The attack surface is larger than you think

Modern coding agents like Claude Code, Cursor, and Codex have capabilities that would have seemed extraordinary five years ago. They read and write files across your entire filesystem. They make network calls. They execute shell commands. They manage processes. They have access to your environment variables — and everything those contain.

The attack vectors are correspondingly wide:

Each of these vectors bypasses every security measure that relies on inspecting the agent's outputs or prompts. By the time you see what the agent produces, the damage may already be done.

Why existing approaches fall short

The most common responses to this threat are containerization and output filtering. Neither is adequate.

Containerization limits the blast radius of an attack, but it doesn't detect one. You learn that something bad happened after it happened, when you notice the container made unexpected network calls — if you're even monitoring that. Containers don't give you a real-time picture of agent behavior. They don't tell you that the agent just read your ~/.ssh/config and then opened a connection to an external IP. They don't distinguish between the agent doing its job and the agent being weaponized.

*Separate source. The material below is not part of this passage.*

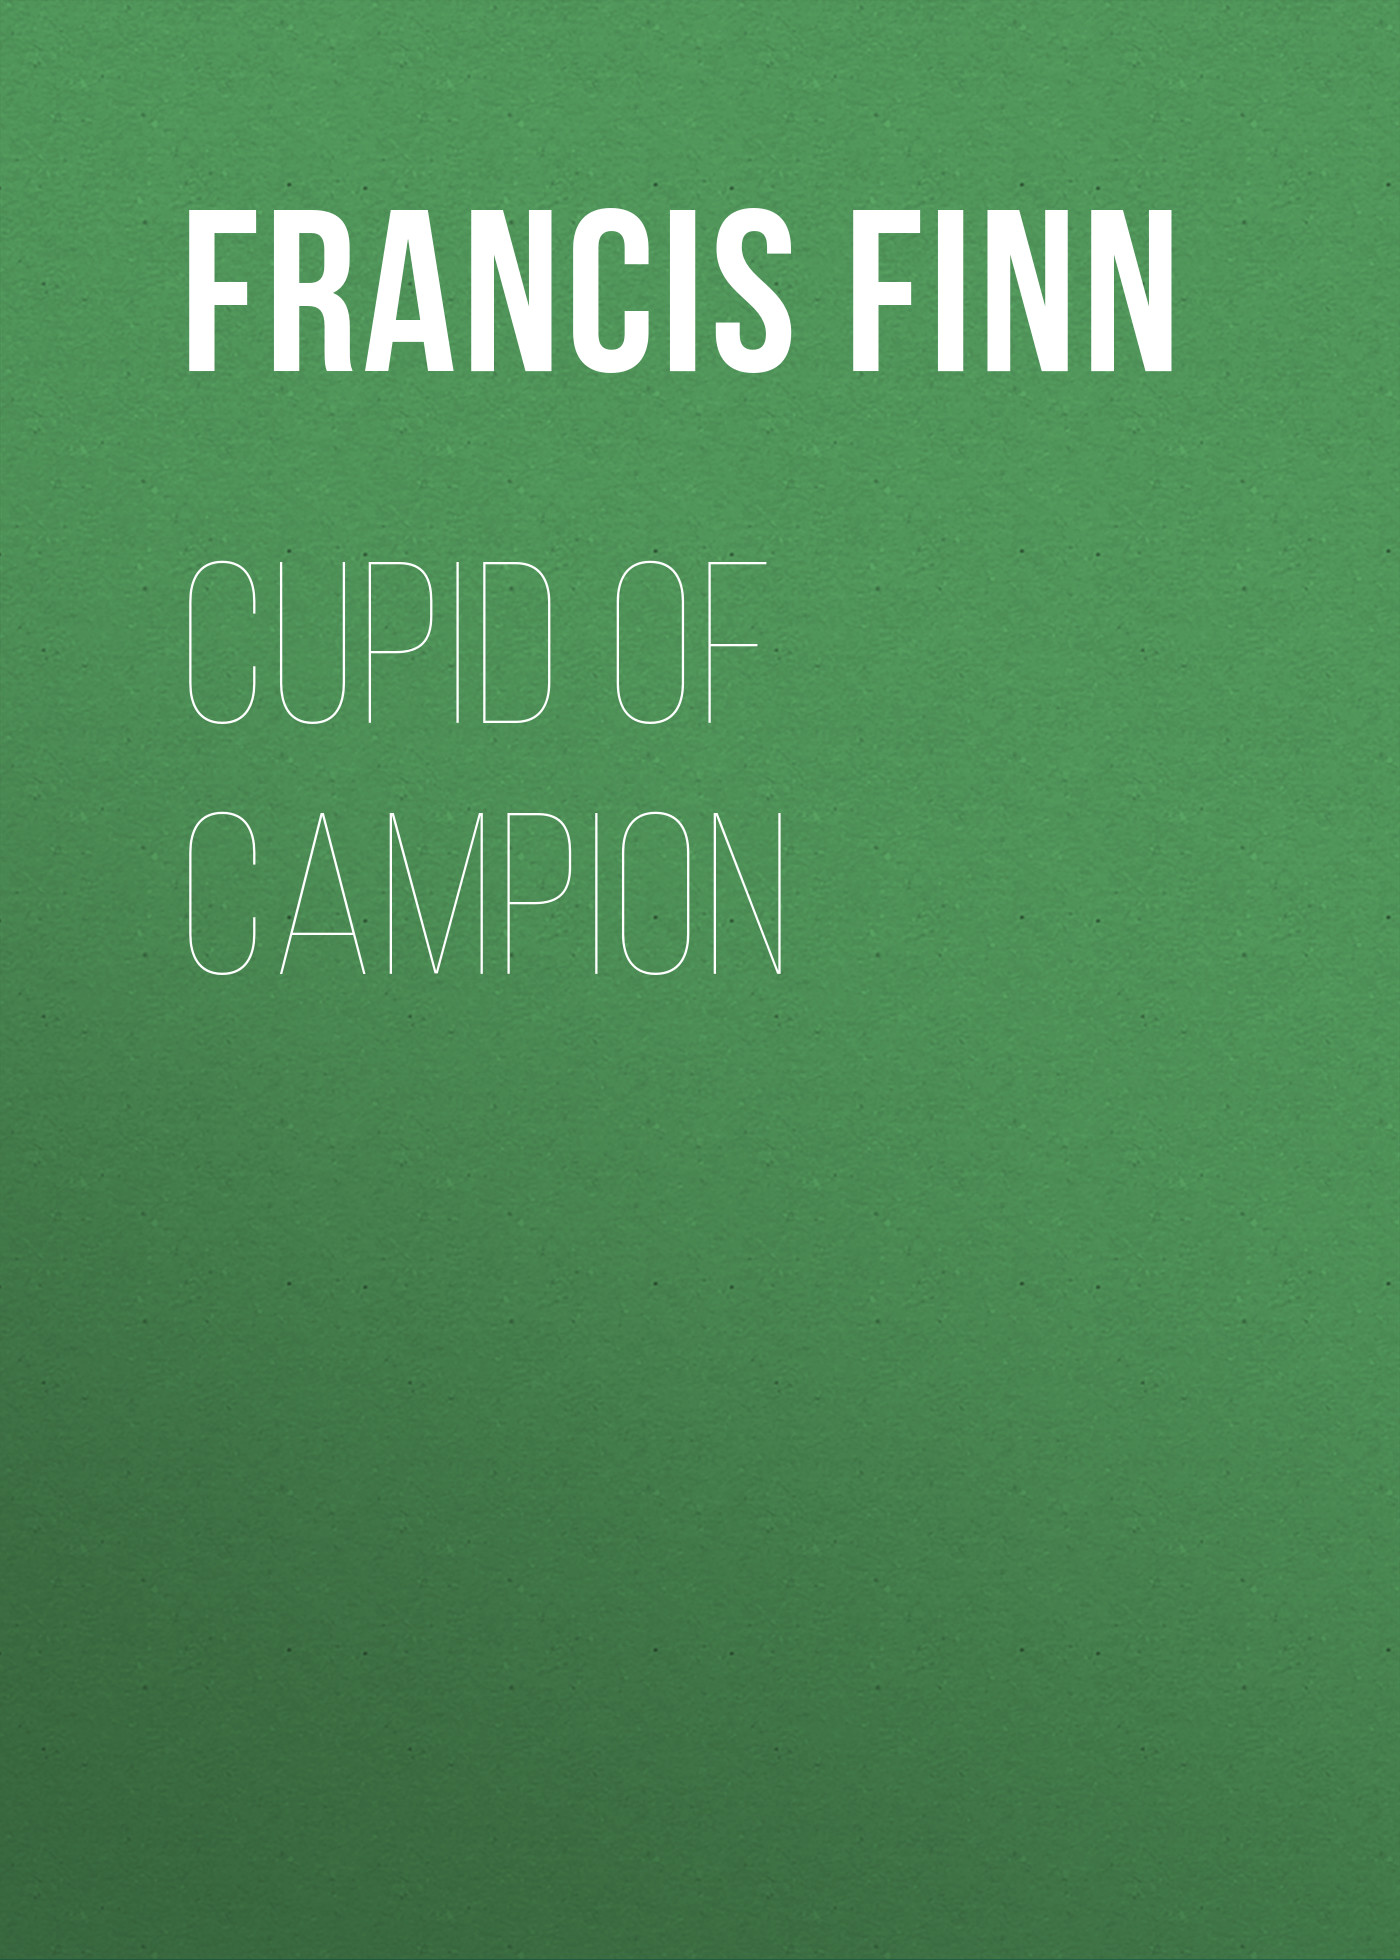 Книга Cupid of Campion из серии , созданная Francis Finn, может относится к жанру Приключения: прочее, Зарубежная классика. Стоимость электронной книги Cupid of Campion с идентификатором 23157547 составляет 5.99 руб.
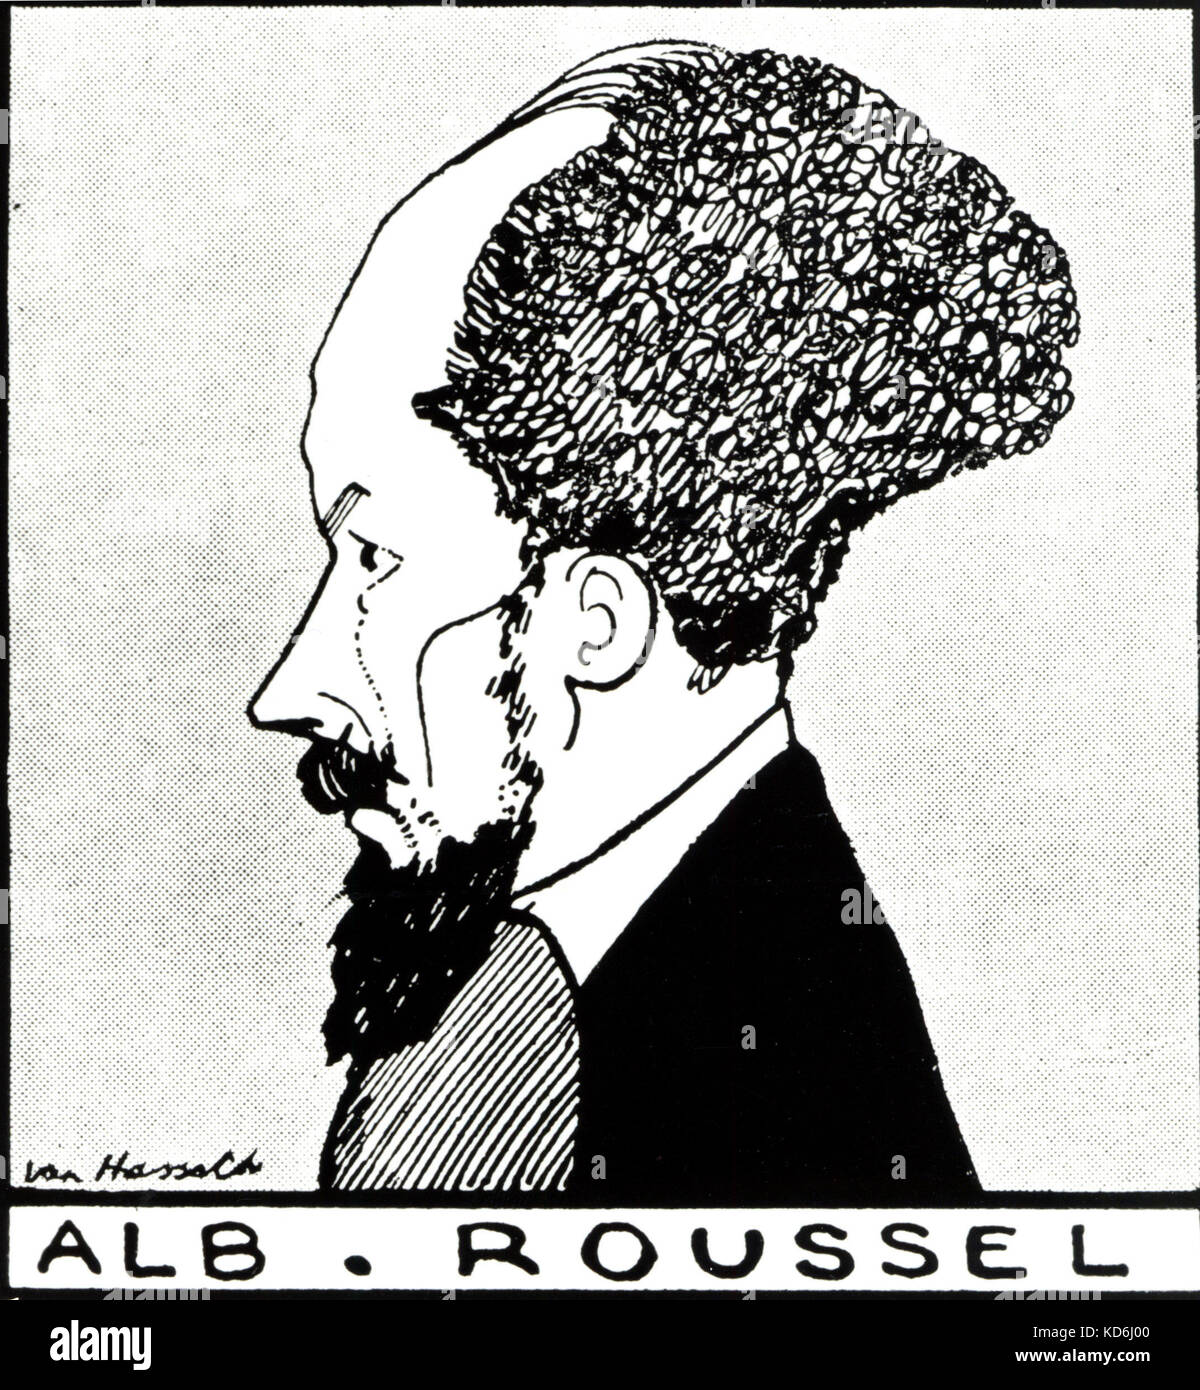 Albert Roussel, el compositor francés, 1869-1937. Dibujo de perfil. Ian Hassack (fecha desconocida) Foto de stock

Output filtering has an even more fundamental problem: you're trusting the agent to produce filterable output. A compromised agent can route data out of band — through DNS queries, through timing side channels, through encoded content in ostensibly benign files. Filtering what you can see is not the same as controlling what the agent does.

Every layer above the kernel can be observed, manipulated, or bypassed by the process it's supposed to be securing. The kernel cannot.

The kernel is the only ground truth

Every action a process takes — every file it opens, every network socket it creates, every system call it makes — passes through the operating system kernel. The kernel is the mandatory chokepoint. It cannot be observed or manipulated by user-space processes. It has a complete, tamper-proof view of everything happening on the machine.

This is why kernel-level monitoring is qualitatively different from every other approach. We're not looking at what the agent tells us it's doing. We're looking at what the OS sees the agent doing. These are very different things when the agent is compromised.

Modern Linux kernels expose this capability through eBPF — extended Berkeley Packet Filter — a framework that lets you attach programs to kernel events without modifying the kernel itself. An eBPF program attached to system calls like openat, connect, and execve sees every file access, every network connection, and every subprocess spawned by every process on the machine, with nanosecond precision and minimal overhead.

macOS exposes similar primitives through its Endpoint Security framework, which provides mandatory access control hooks that run before system calls complete — meaning you can block an action before it takes effect, not just observe it after.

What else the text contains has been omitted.